The initial experience is by Ignee et al. on a small group of patients with various obstructive biliary pathologies and intrahepatic duct dilatation of 2 mm and more. A right-sided approach was used in the majority of the cases. The initial experience with the CEUS-PTCD intervention was successful in all patients for the identification of stenosis. Dislodgement of the catheter occurred in 1 patient, and the catheter was re-inserted. In this study, fluoroscopy was used, but only for guidance [60].
In a larger cohort of 58 patients with various obstructive biliary pathologies, percutaneous ultrasound cholangiography (PUSC) was compared with percutaneous transhepatic cholangiography (PTC). For 8 patients, the bilateral approach was necessary for drainage catheter placement. The patients were divided according to the level of obstruction into hilar obstruction and extrahepatic obstruction groups, respectively. The strength of PUSC was in defining the level of obstruction as hilar with an accuracy of 100%. The determination of CBD obstruction was weaker, with an accuracy of 93.8%. The accuracy of PUSC in determining the level of obstruction was 96.6% (56/58). The accuracy of PTC in both groups was 100% (p = 1.000, p = 0.492, respectively). In general, the accuracy of PUSC in determining the cause of obstruction was 93.1% (54/58) while that of PTC was 79.3% (46/58). The difference between them was statistically significant (p = 0.031) [13].
Xu et al. conducted a study performing intracavitary CEUS during PTCD in the largest number of patients (n = 80) so far. The indications for performing the intrabiliary CEUS were to localize the drainage catheter, to localize the distal tip of the catheter, and/or to evaluate the level and degree of obstruction. The US contrast agent injections were performed in a two-step manner: the first injection to track the distal tip of the catheter and the second injection to evaluate the obstruction of the biliary tract. Four catheters were not properly placed and were repositioned. The intervention was successful in all 80 patients (100%). CT, or fluoroscopy guided cholangiography, was used as a reference method. The patients were defined as having intrahepatic or extrahepatic obstruction according to the level of obstruction and as complete or incomplete, according to the degree of obstruction. The authors report excellent accuracy for intrabiliary CEUS for the determination of the level of obstruction and 96.3% accuracy for detecting the degree of obstruction. The accuracy for locating the proper position of the tip of the catheter was 100% [27].
As a continuation of their initial experience, Ignee et al. conducted another study for extravascular use of CEUS in a larger patient cohort (n = 38) with various primary or secondary biliary obstructive pathologies during PTCD after failed or potentially impossible endoscopic retrograde cholangiography (ERC). The intervention was performed in several stages. The diluted US contrast agent was injected before the X-ray contrast agent. In the first stage, both contrast agents were injected to confirm the intraductal position of the needle and to detect the level of obstruction. Then repeated injections were necessary to complete the PTCD, and in cases of malignant stenosis, they were indicated for catheter or stent position confirmation. A right-sided approach was used in the majority of the cases. The puncture and catheter insertion were successful in all patients (100%). Fluoroscopy was used as the standard method. The accuracy of extravascular CEUS was 100% for correctly diagnosing the level of obstruction as hilar or extrahepatic and 97.4% for defining the degree of obstruction (complete/incomplete) [17].
In an effort to elucidate the causes of biliary obstruction, Müller et al. reported their experience with a combination of endocavitary and intravenous administration. This combined technique appears to enhance the quality of diagnostic ultrasound imaging, allowing for precise visualization of bile duct tumors, which have traditionally been challenging to detect [65].
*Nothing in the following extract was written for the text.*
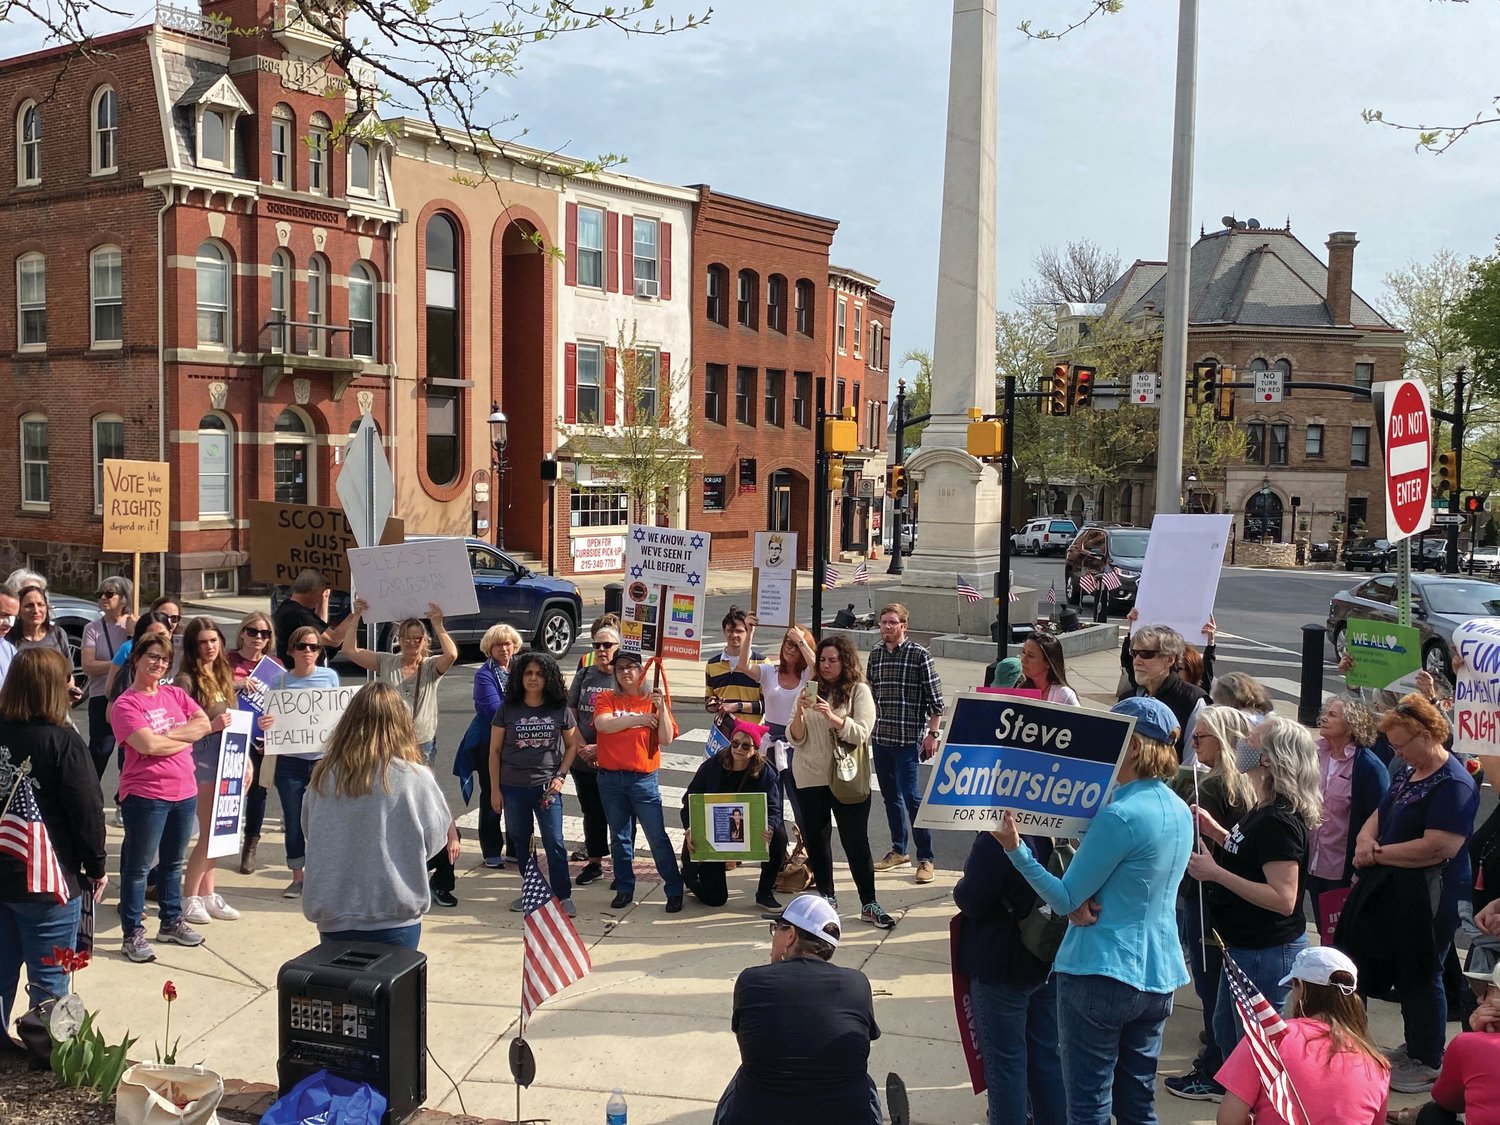 More than 100 people gather outside the former Bucks County Courthouse in Doylestown to call for reproductive rights in the wake of a leaked Supreme Court document sating Roe v. Wade should be overturned.

4.2. Intracavitary CEUS in PTCD after Liver Transplantation or Abdominal Surgery

Biliary tract complications following liver transplantation are a frequent and often complex issue. In this context, native ultrasound is limited in its ability to display a non-dilated biliary tree. However, with the injection of intraductal contrast media, contrast-enhanced ultrasound (CEUS) facilitates selective imaging of the biliary tree. This has been demonstrated through the intraoperative injection of microbubbles via the cystic duct and their application through PTCD [66].
A study by Zheng et al. included 12 living liver donors for evaluation of the biliary tree. The approach was via cannulation of the cystic duct and common bile ducts intraoperatively. The intervention was successful for adequate evaluation of the biliary anatomy in all patients, and as a result, in three of the donors were diagnosed with biliary variations, and the rest of the donors had a normal biliary pattern. No complications were described. Intraoperative cholangiography was used for comparison. The accuracy of 3D ultrasound cholangiography was excellent for first- and second-order biliary branches [67].
Chopra et al. evaluated 12 patients after orthotopic liver transplantation with side-to-side biliary anastomosis with intracavitary CEUS for assessment of postoperative complications. On the fifth postoperative day, they performed conventional cholangiography and CEUS cholangiography via a T-tube placed intraoperatively. Both techniques showed a similar success rate. Pathology was found in 4 patients—one anastomotic stenosis, one anastomotic leakage, and delayed duodenal outflow in 2 cases. Fluoroscopy showed superiority in detecting anastomotic stricture and leakage. Along with the detection of pathology, the visualization of the extra- and intrahepatic bile ducts was assessed. The results showed that CEUS was inferior in the visualization of extrahepatic bile ducts [66].
Two interesting cases of intracavitary CEUS applications are supporting this valuable application (Table 2).
The first case is of a male patient with bile leakage after T-tube removal. The T-tube was placed during cholecystectomy and CBD exploration. After the operation, the patient developed mild fever, jaundice, and abdominal pain, which indicated the performance of US-guided PTCD via a right-sided approach. After an injection of a diluted US contrast agent, a leakage of the contrast from the common bile duct was observed and confirmed by a percutaneous transhepatic cholangiogram [25]. This report clearly demonstrates the utility of intracavitary CEUS for managing postoperative biliary complications in routine abdominal surgery.
The second case is of a young male patient with postoperative biliary complications after liver transplantation for familial amyloid polyneuropathy type 1. On the 35th post-transplant day, a PTCD was performed due to a continuing bile leak at the hepaticojejunostomy site. Seven days after the biliary drain placement, intermittent haemobilia occurred. A CEUS cholangiogram was performed, and after demonstration of the correctly sited distal aspect of the drain within the hepaticojejunostomy with leakage around the liver surface at the site of proximal percutaneous insertion, the presence of an occult biliary-arterial fistula was identified. The latter was confirmed by a conventional tubogram [29].

4.3. Various

Although still “off-label”, a well-known application of the CEUS in children, is the administration of microbubble-based US contrast agents for real-time evaluation of their distribution in body cavities [68]. Chen et al. demonstrated the successful utilization of intracavitary CEUS in children with biliary diseases. The authors present their experience in performing percutaneous ultrasound cholangiography and the use of sulfur hexafluoride microbubbles as contrast agents in children with neonatal hepatitis, biliary atresia, choledochal cysts with pancreaticobiliary malfunction, and postoperative complications after hepatobiliary surgery [62].

5. Pictorial Examples

We present three cases of personal experience where intracavitary CEUS during or after PTCD played a pivotal role and provided a decisive solution to a critical clinical scenario.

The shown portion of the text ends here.